Make an exact copy of the listing, without images.

▶ [Data provided]:
--------------------
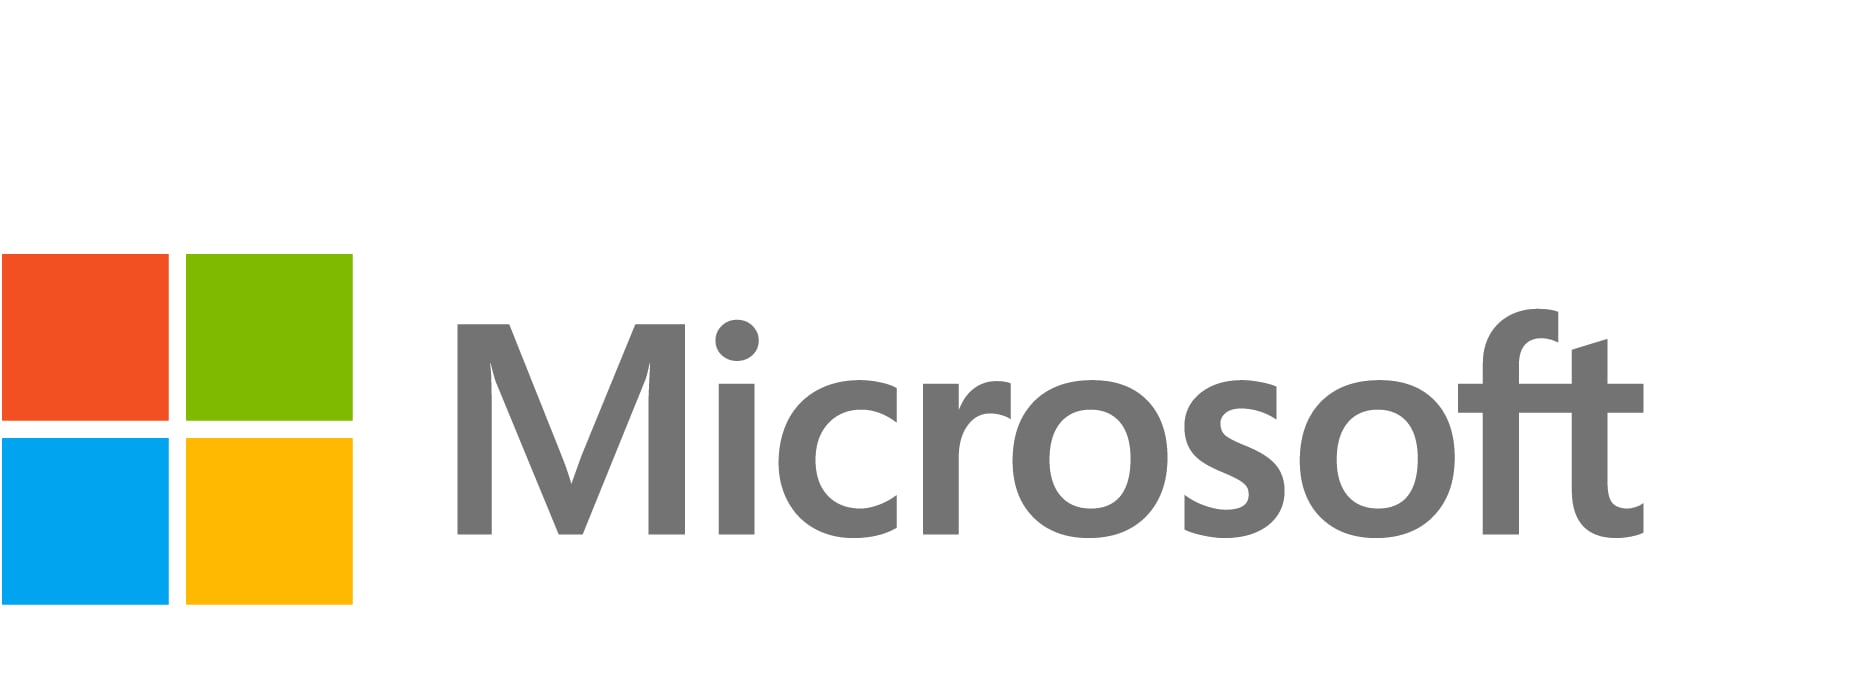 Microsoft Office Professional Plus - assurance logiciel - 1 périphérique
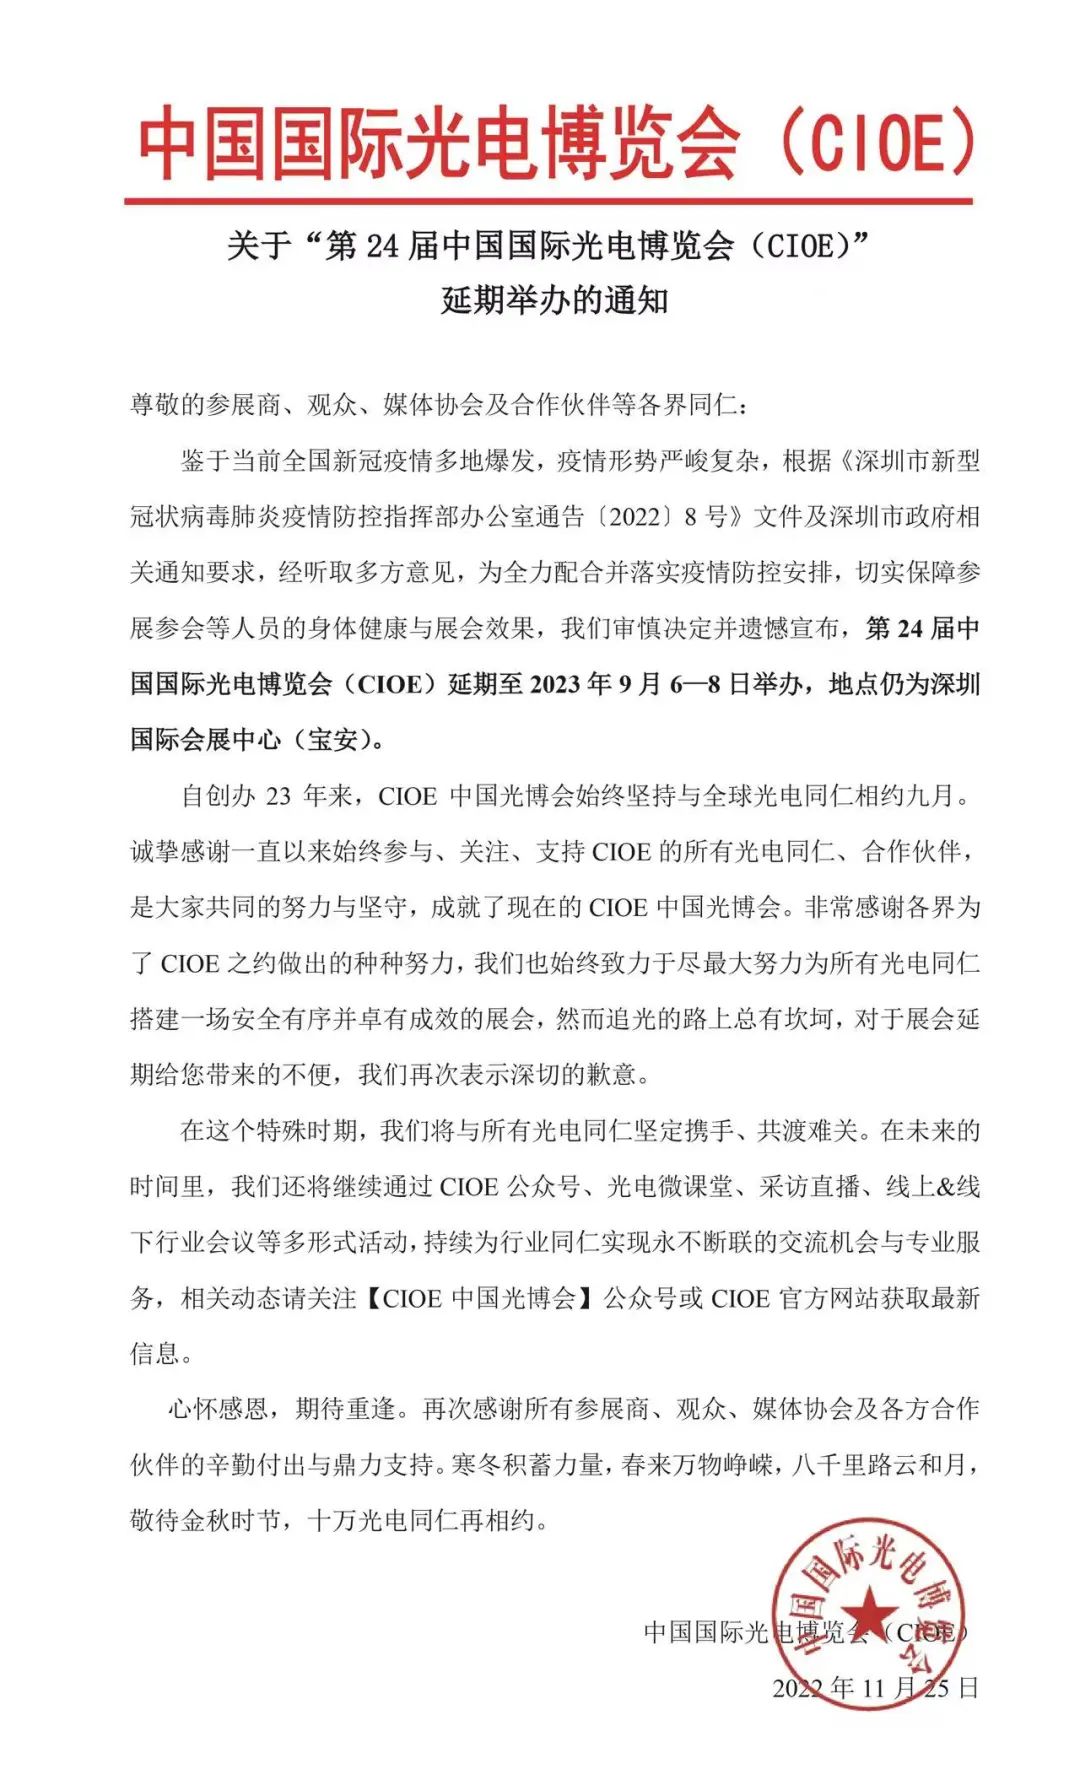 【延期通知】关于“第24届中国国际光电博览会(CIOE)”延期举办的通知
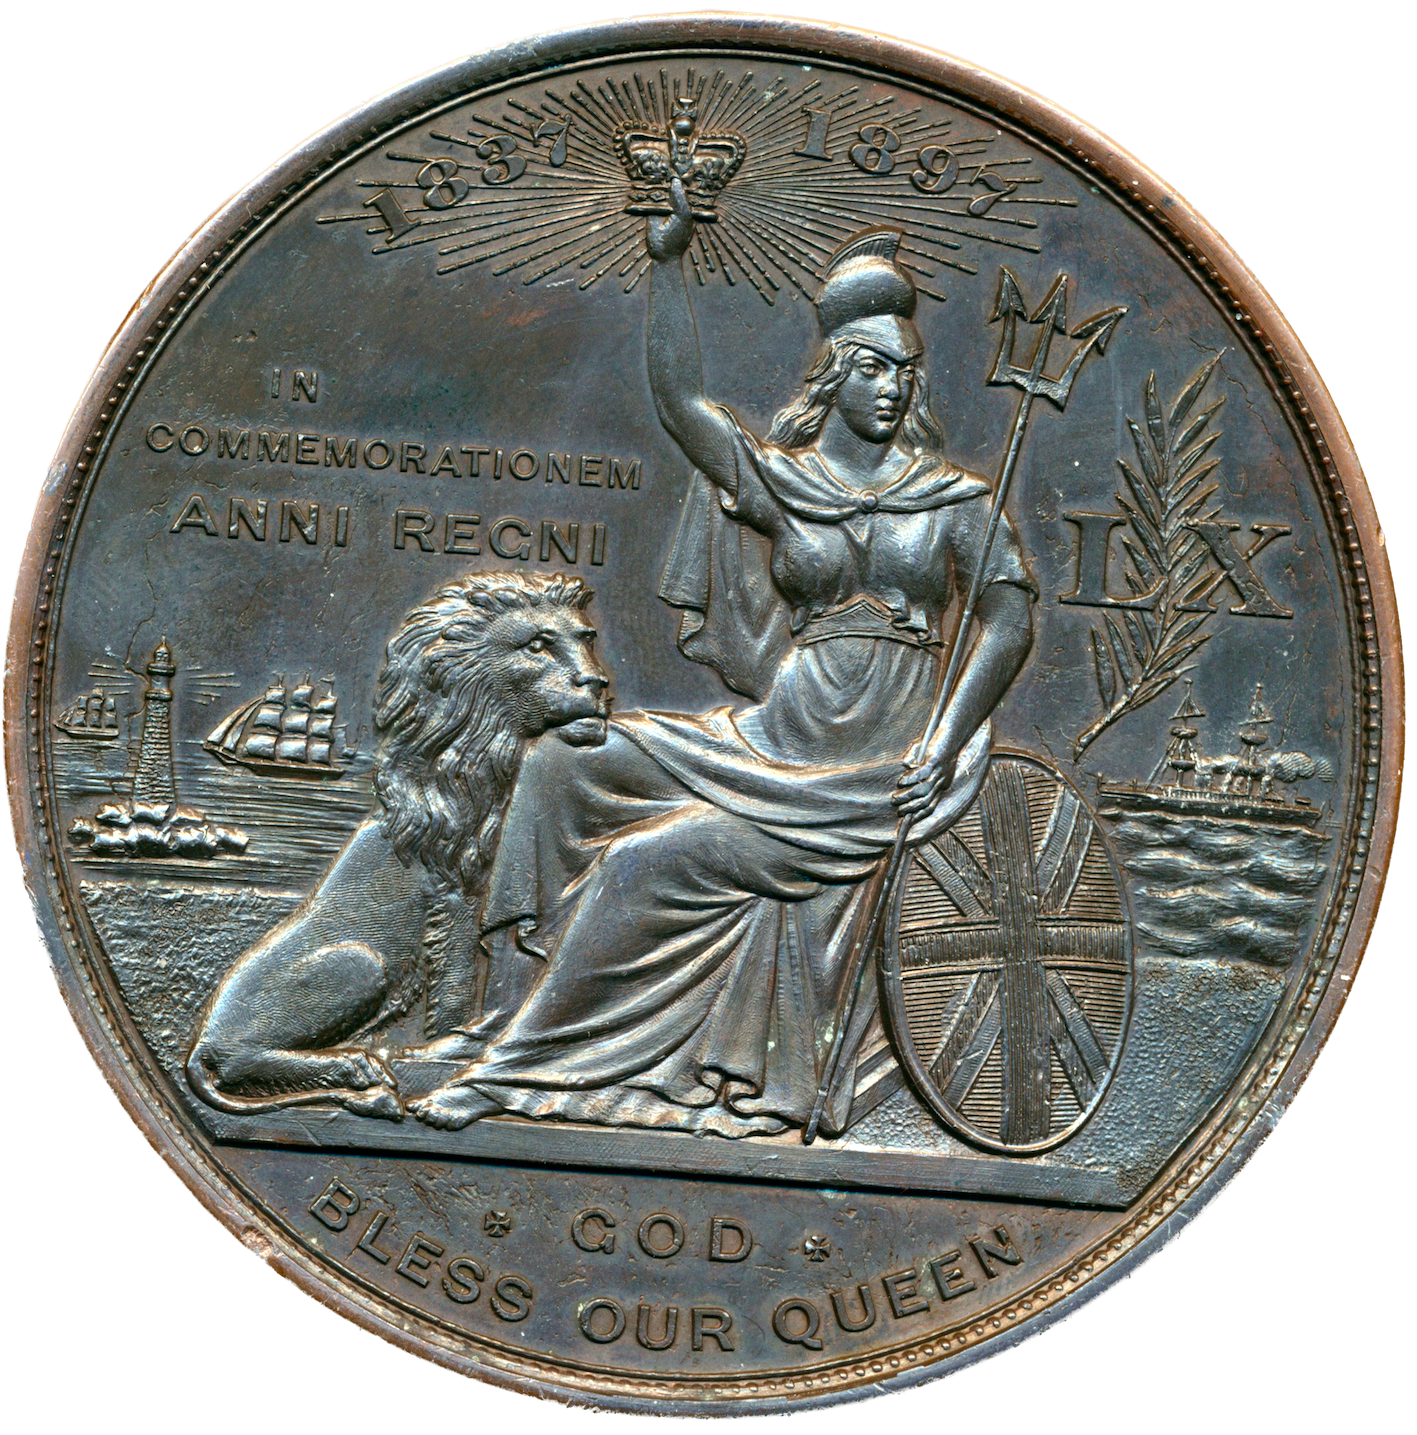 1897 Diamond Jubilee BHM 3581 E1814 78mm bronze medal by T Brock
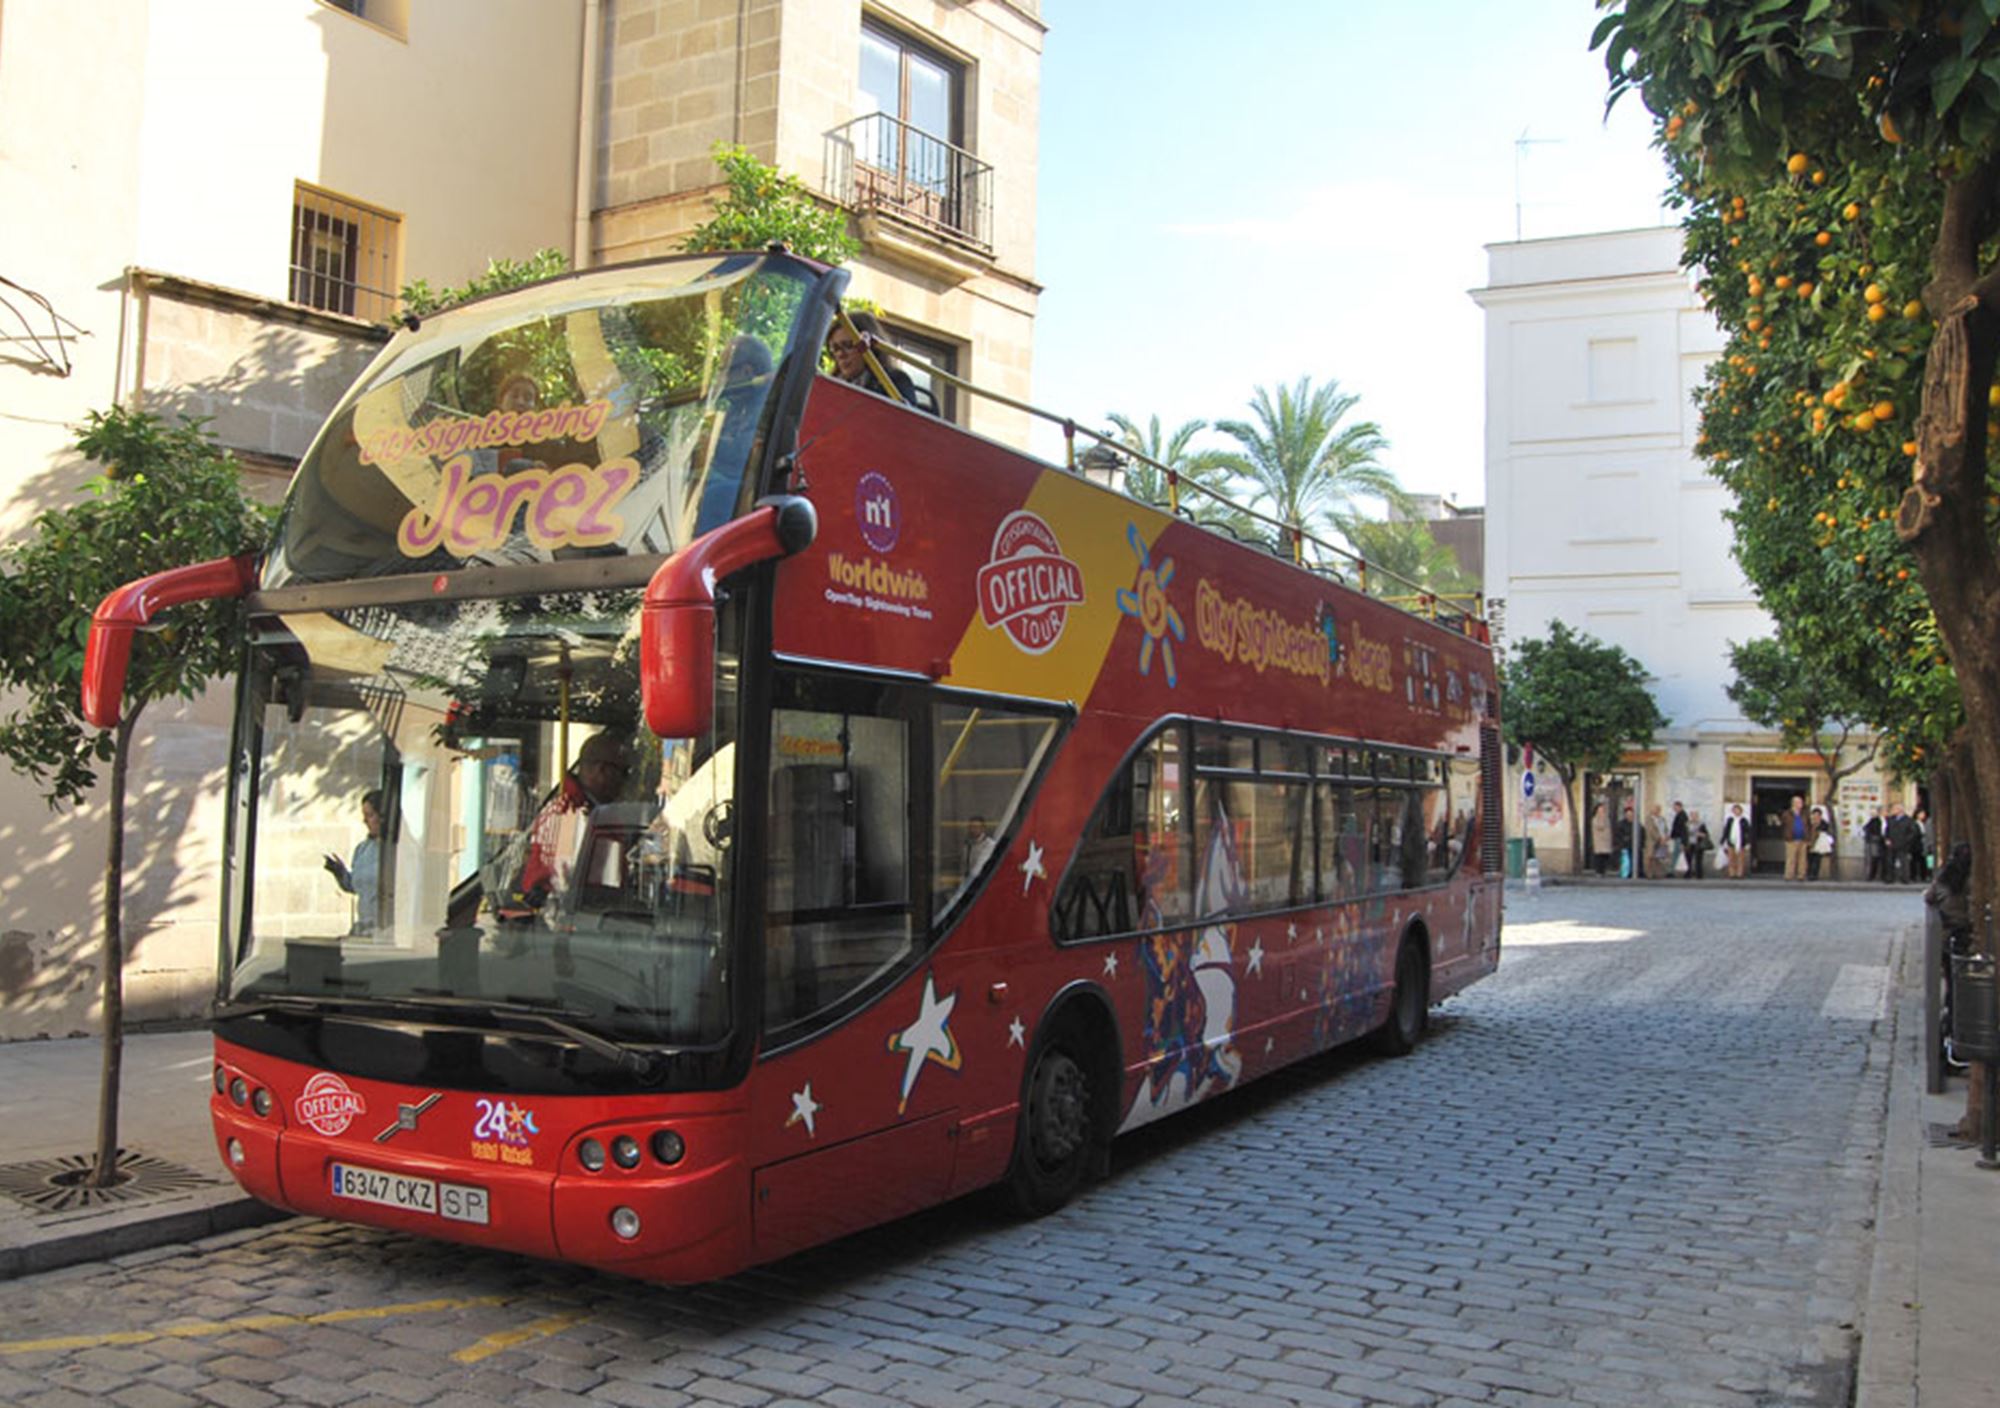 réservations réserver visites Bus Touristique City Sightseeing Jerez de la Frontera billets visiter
--------------------
▶ [Expected answer]:
 Microsoft Office Professional Plus - assurance logiciel - 1 périphérique
 【延期通知】关于“第24届中国国际光电博览会(CIOE)”延期举办的通知
 1897 Diamond Jubilee BHM 3581 E1814 78mm bronze medal by T Brock
 réservations réserver visites Bus Touristique City Sightseeing Jerez de la Frontera billets visiter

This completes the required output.